Indicated Lecture Hours (which may also include seminars, tutorials, workshops and other contact time) are approximate and may include in-class tests where one or more of these are an assessment on the module. In-class tests are scheduled/organised separately to taught content and will be published on to student personal timetables, where they apply to taken modules, as soon as they are finalised by central administration. This will usually be after the initial publication of the teaching timetable for the relevant semester.
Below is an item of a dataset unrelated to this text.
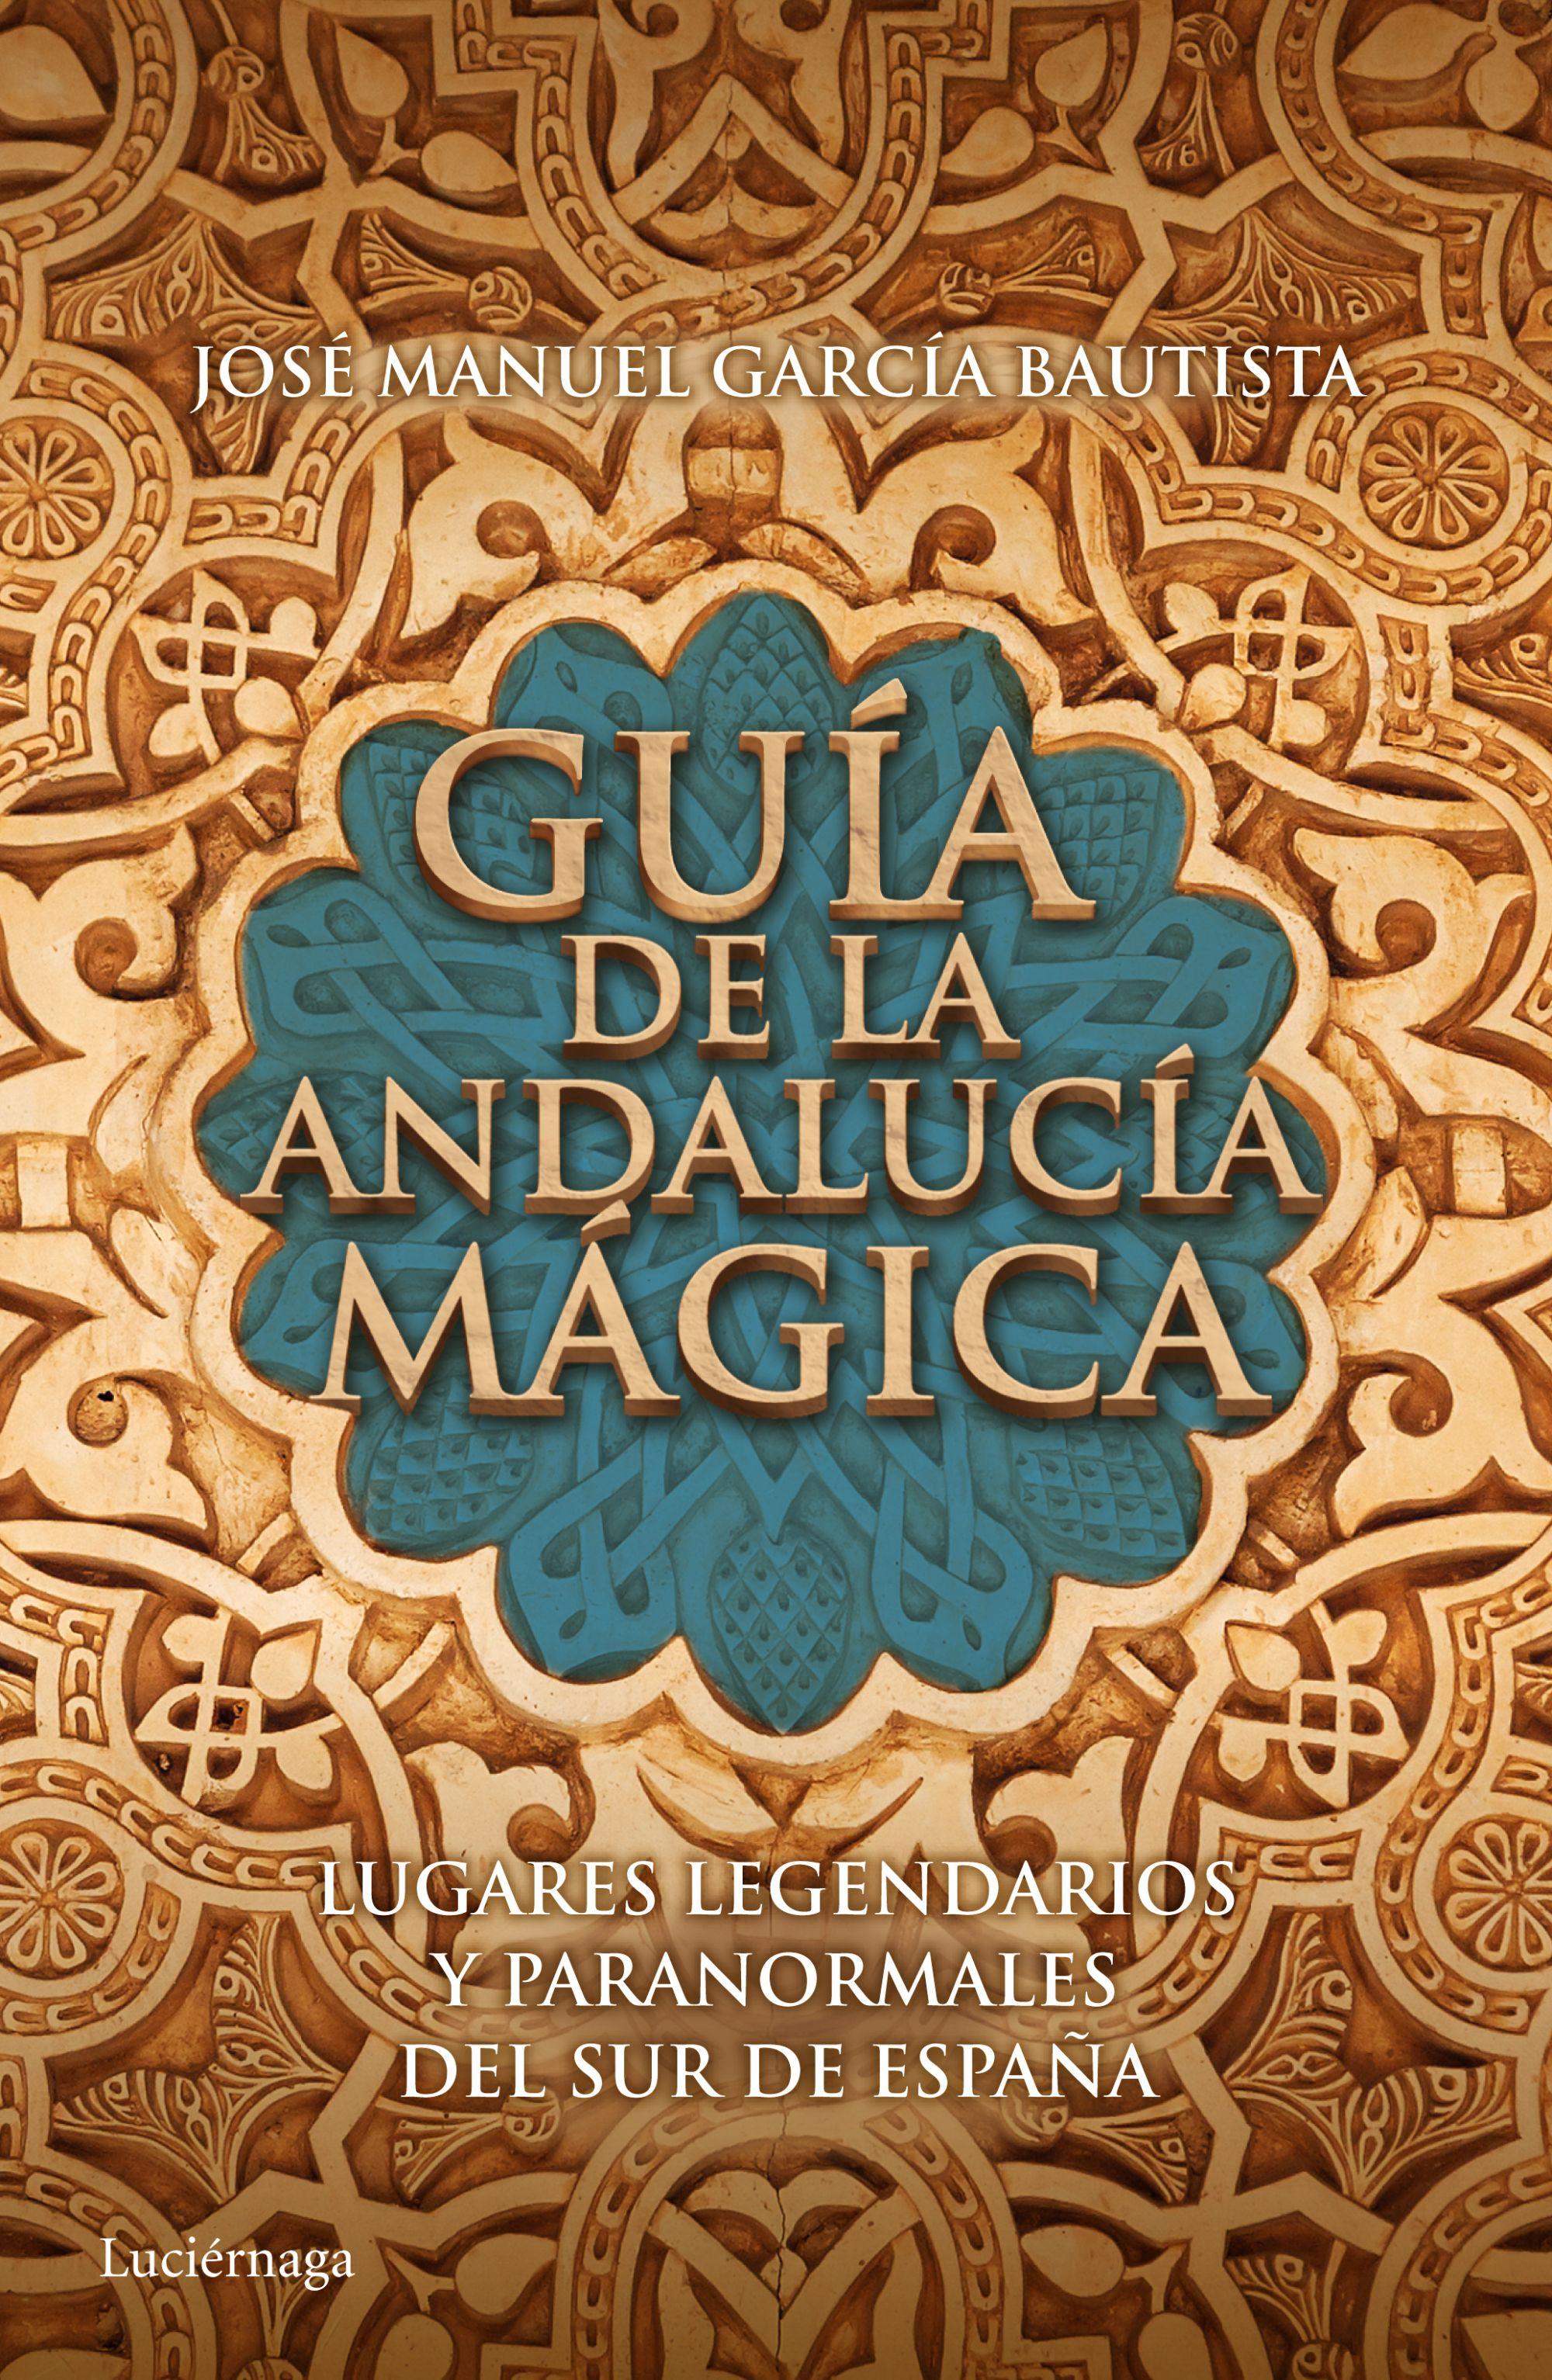 Resultado de imagen de guia magica de andalucia
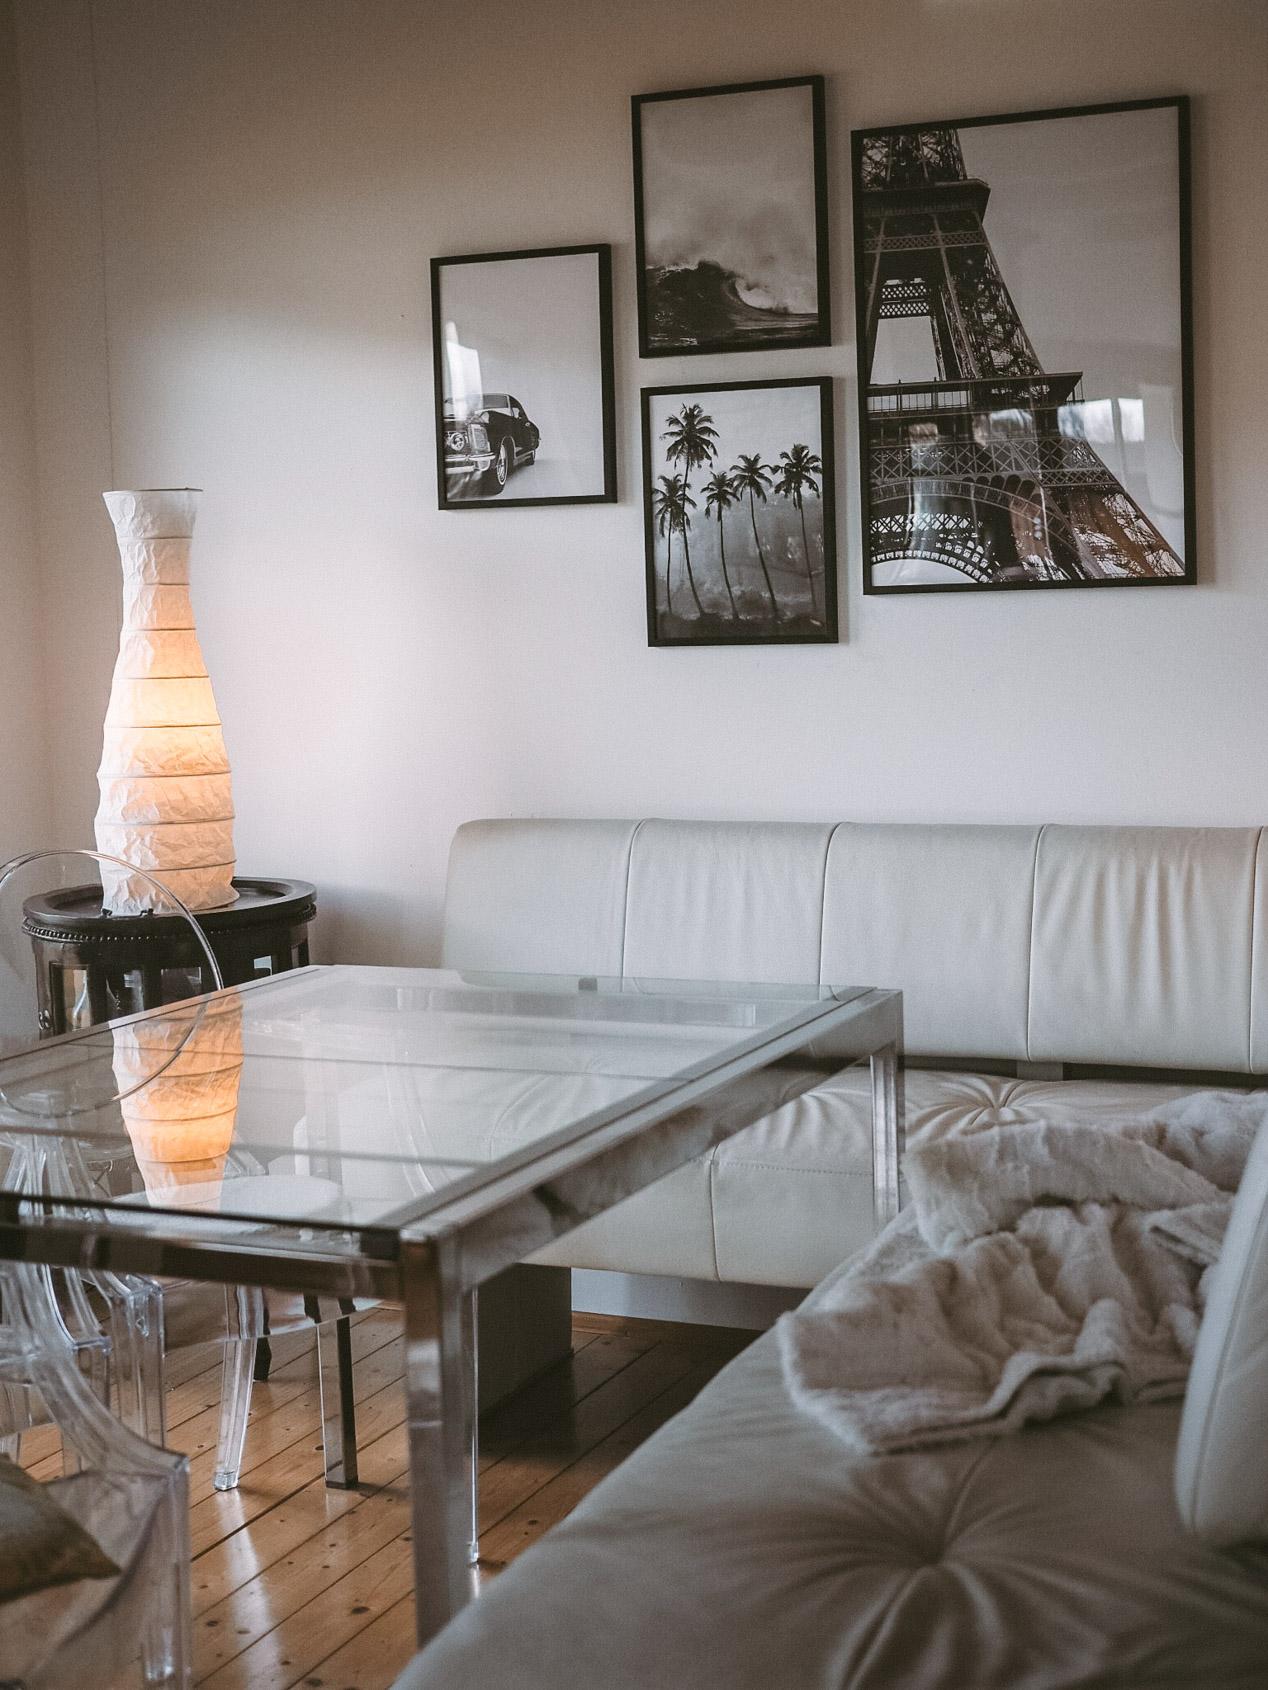 Homesweethome, Bilderwand, Inspiration für zu Hause, posterwand, Bildwand, Desenio, www.lakatyfox.com

Upon accessing the reading list, please search for the module using the module code: MAT3012
Programmes this module appears in
|Mathematics MMath||2||Optional||A weighted aggregate mark of 40% is required to pass the module|
|Mathematics with Statistics MMath||2||Compulsory||A weighted aggregate mark of 40% is required to pass the module|
|Mathematics with Statistics BSc (Hons)||2||Compulsory||A weighted aggregate mark of 40% is required to pass the module|
|Mathematics BSc (Hons)||2||Optional||A weighted aggregate mark of 40% is required to pass the module|
|Financial Mathematics BSc (Hons)||2||Compulsory||A weighted aggregate mark of 40% is required to pass the module|
|Mathematics with Music BSc (Hons)||2||Optional||A weighted aggregate mark of 40% is required to pass the module|
|Economics and Mathematics BSc (Hons)||2||Optional||A weighted aggregate mark of 40% is required to pass the module|
Please note that the information detailed within this record is accurate at the time of publishing and may be subject to change. This record contains information for the most up to date version of the programme / module for the 2021/2 academic year.